Before fighting your demons challenges, you need to know your demons challenges. Perhaps one of the biggest challenges for someone who has the double-whammy of Adoption and Addiction present in her/his life is being able to identify what happened as traumatic. I don’t want to use that word lightly, but it is no longer the word that can only be applied to those of us who have been in combat. Research doesn’t lie. Consider some of these findings:
- Adopted adults have higher degrees of mental health issues.
- Adopted adults and adolescents are more likely to receive counseling.
- Adopted persons have an increased risk of substance use disorders in their lifetimes (50 percent higher, or 1 ½ x).
- Adoptees are more likely to have difficulties with drug and alcohol use, but also eating disorders, attention deficit disorder, suicide, and untimely pregnancies.
- Adoptees have been found to manifest a higher rate of personality disorders – antisocial personality, borderline personality.
- Although adopted persons often lead similar lives to non-adopted persons, they can experience circumstances needing to be overcome:
- Loss, grief,
- Identity development,
- Self-esteem,
- Lack of information about medical background (including mental health and addiction predispositions)
Q: Does this mean that relinquishment and adoption trauma predispose one to addiction?
A: They absolutely can.
I speak about adoption and addiction as someone with lived experience and as someone who offers services to people who struggle with either or both. It is thanks to both of those positions in life that I know that not thinking or talking about relinquishment and adoption – as well as addiction – is what propels the shame and trauma to thrive. I never talked about it in my youth, and I ignored my very own experience because I didn’t know how to find the language for it, and I didn’t want anyone to think that there was something wrong.

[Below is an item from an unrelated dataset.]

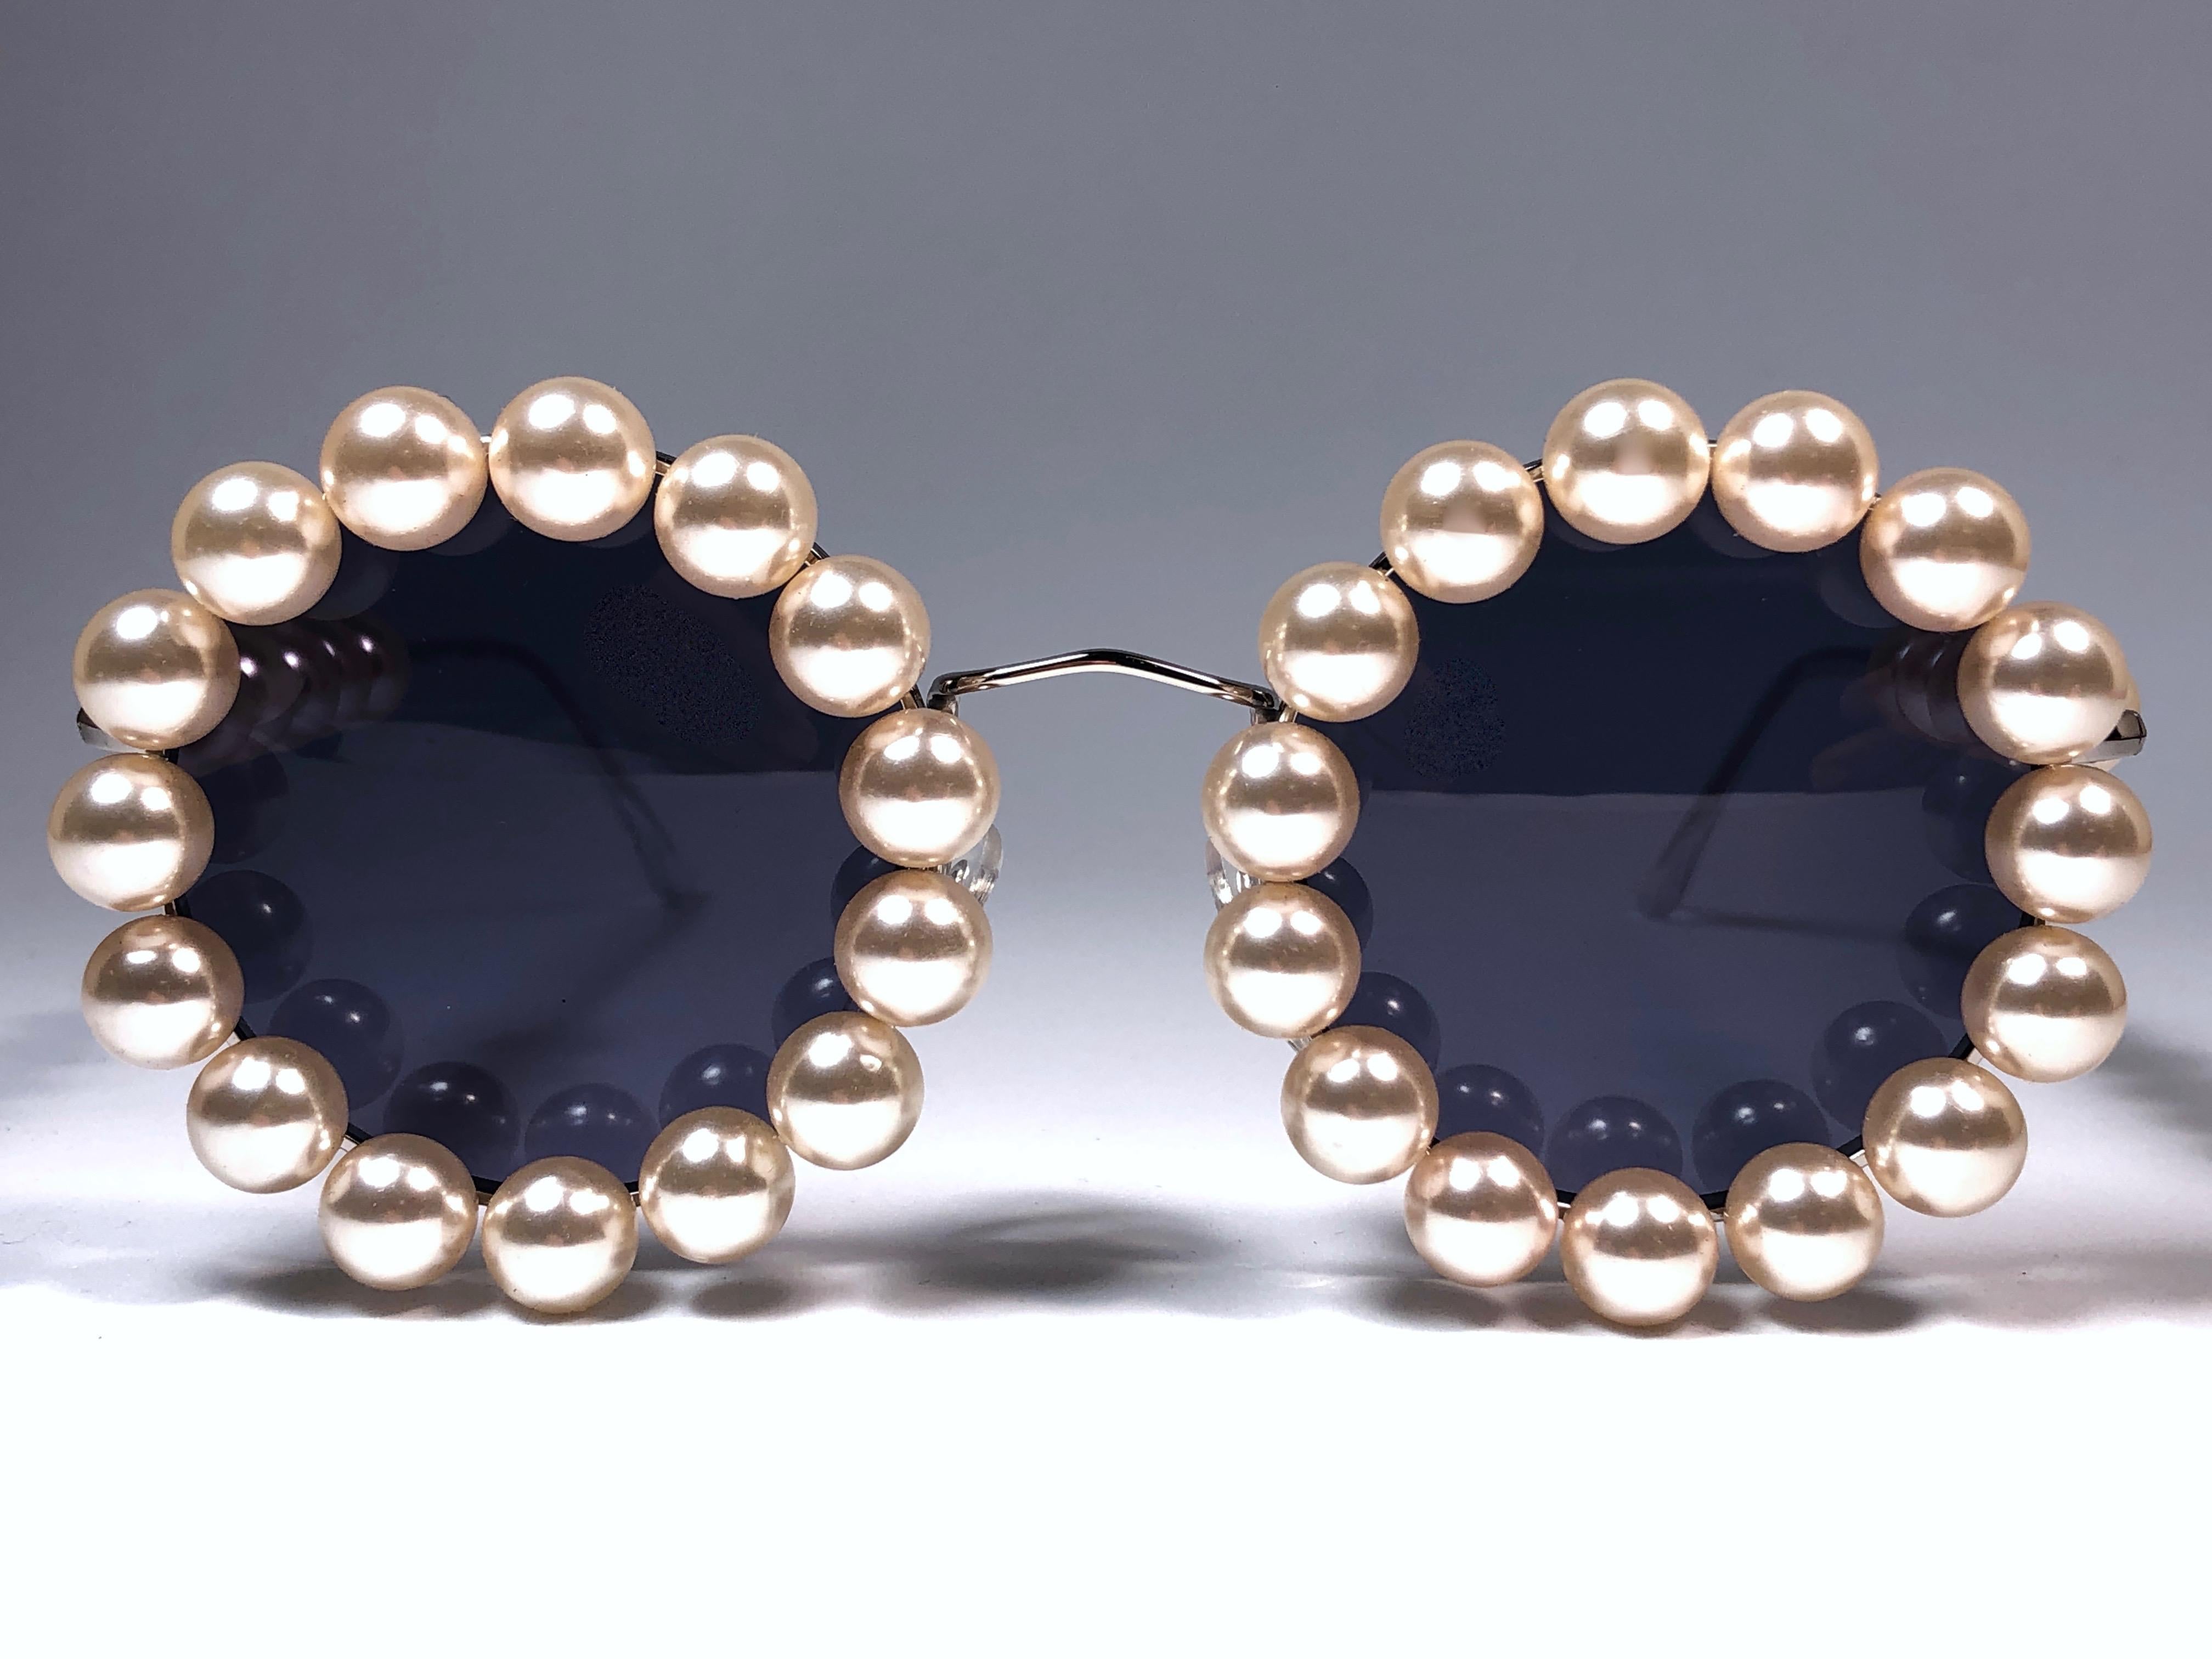 New Rare Vintage Chanel faux Perle Sonnenbrille für die Frühjahr-Sommer-Show 1994.

Ein seltenes und einzigartiges Stück in diesem neuen, nie ausgestellten oder getragenen Zustand. Dieser Artikel kann leichte Abnutzungserscheinungen aufgrund der

Research shows a significant overlap between relinquishment and addiction. It also points to other mental health issues such as eating disorders or ADHD. What I know about mental illness and recovery now is that they are both complex. Trauma happens due to complex circumstances of nature and nurture. It is no wonder that recovery has to also depend on complex circumstances – or rather, that it has to be addressed as something that would encompass all aspects of one’s life. I stopped drinking physically because of a medical detox, but I didn’t become healthy emotionally long into my sobriety. And it took me years to discover and rebuild my identity to the point where I could say I was mentally sound. Looking back on my life, I think of the few years when I still relied on nicotine after quitting drinking – what was that about? Other than physical dependence, why was I willingly putting toxic waste into my body? Well, it was perhaps because I wasn’t ready to give it up and because I didn’t have the psychological tools to do so. I still had to rely on something outside of myself to provide comfort, relief or even a break – many people say that smoking can be meditative and offers a pause in a busy day.
In his book In The Realm of Hungry Ghosts, Dr. Gabor Mate wrote:
“As we delve into the scientific research, we need to avoid the trap of believing that addiction can be reduced to the actions of brain chemicals or nerve circuits or any other kind of neurobiological, psychological, or sociological data. A multi-level exploration is necessary because it’s impossible to understand addiction fully from any one perspective, no matter how accurate. Addiction is a complex condition, a complex interaction between human beings and their environment. We need to view it simultaneously from many different angles – or, at least, while examining it from one angle, we need to keep the others in mind. Addiction has biological, chemical, neurological, psychological, medical, emotional, social, political, economic, and spiritual underpinnings – and perhaps other I haven’t thought about. To get anywhere near a complete picture we must keep shaking the kaleidoscope to see what other patterns emerge.”
Photo by Malcolm Lightbody on Unsplash
Kaleidoscope – what a great description, indeed. This is why I say that addiction and trauma stories are very complex. And adoption stories can be exponentially more complex because of their overlap. To say that I had a trauma as the result of being relinquished is only a partial explanation. To say I have adoption attachment and identity issues as the result of chronic developmental/relational trauma is true, yet only a fragment of that kaleidoscope that Dr. Mate’ describes. To say that I was addicted and recovered is, again, only one part of the story.
All of these things are accurate, but I need to consider them together to gain a more comprehensive picture of my very complex identity. I encourage you to look at your own experiences and your own traumas through that kaleidoscopic prism. See all the nuances and how the light hits as you look at the pieces up close – and then start turning the kaleidoscope to form new patterns, rearrange them, and create a new and better picture.